At the European level, the main policy driver related to the energy use in buildings is the Energy Performance of Buildings Directive (EPBD, 2002/91/EC). Implemented in 2002, the Directive has been recast in 2010 (EPBD recast, 2010/31/EU) with more ambitious provisions. Through the EPBD introduction, requirements for certification, inspections, training or renovation are now imposed in Member States prior to which there were very few. All EU countries now have functional energy performance certification (EPC) schemes in place.

A general description of the current status of buildings in tertiary sector contains data on typical buildings structure typologies in Slovenia and buildings specifics according to their building technology. Quantitative data of energy and heating sources, energy consumption and status of energy related systems, as well as potential for energy savings and application of pilot technologies from EMILIE project are collected for five the most typical types of buildings in tertiary sector like schools, hospitals, public administrative buildings, hotels and shopping centres. In addition to this, general analysis and assessment of the potential for tertiary building energy refurbishment is elaborated.

The following case study was created based on the above mentioned regional survey carried out as part of the EMILIE project.
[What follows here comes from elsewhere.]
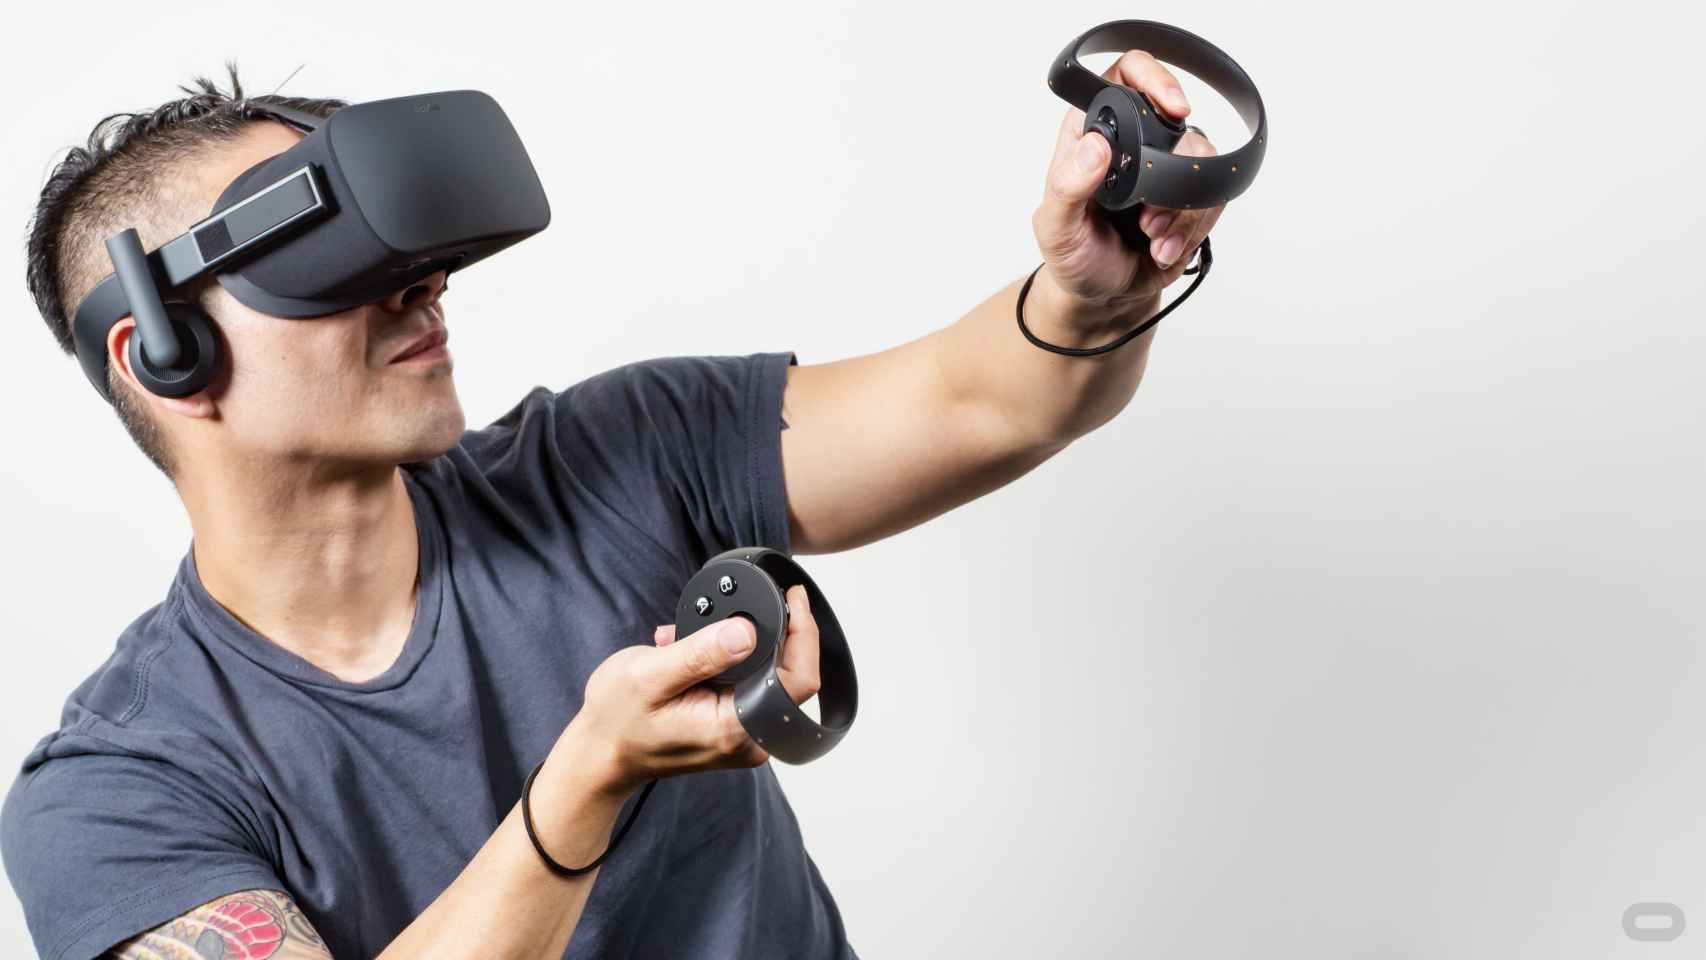 El sistema Oculus Touch prometen más interacción.

Special focus is dedicated to studies and sources of data on energy consumption in buildings and related legislation, standards and supporting mechanisms, as well as an updated overview about the key tertiary sector buildings energy needs, status and potential for energy refurbishment.

Facts on energy awareness:

  • According to the survey about 60% of users follow the energy consumption through invoices, only 30% monitor actual energy consumption, the rest is not monitored.
  • In most cases (71%) the consumption is monitored on a monthly basis and in about 13% annually. Less than 15% of organisations involve external expertise and support for energy management, with exception of schools where this share is doubled.
  • An operational program for the implementation of measures to reduce energy consumption and /or production of energy from renewable sources has been prepared in about 15% of the tertiary sector.
  • Less than a half of organizations in the sector are familiar with financial incentives to increase energy efficiency granted by the Eco Fund. Opportunities regarding how to reduce energy consumption are communicated to employees through internal courses in about 40%, in about one third of organizations no awareness campaign has been made.
  • In the next three years about a tenth of organisations in the sector intend to invest in increase of the energy efficiency of commercial premises, in 41% of cases investments are not envisaged.
  • About two thirds of organisations claim that they have a good insight into energy use in their business premises as well as that they are well aware of the energy-saving potential. However, an energy audit that provides a proposal for organizational and investment measures to reduce energy consumption and related costs was carried out in less than a fifth of cases, except in schools where this share reached 37%.

Introduction to the hospital buildings

Size: average 10000 – 40000 m2

Total number in region: 25 (most important)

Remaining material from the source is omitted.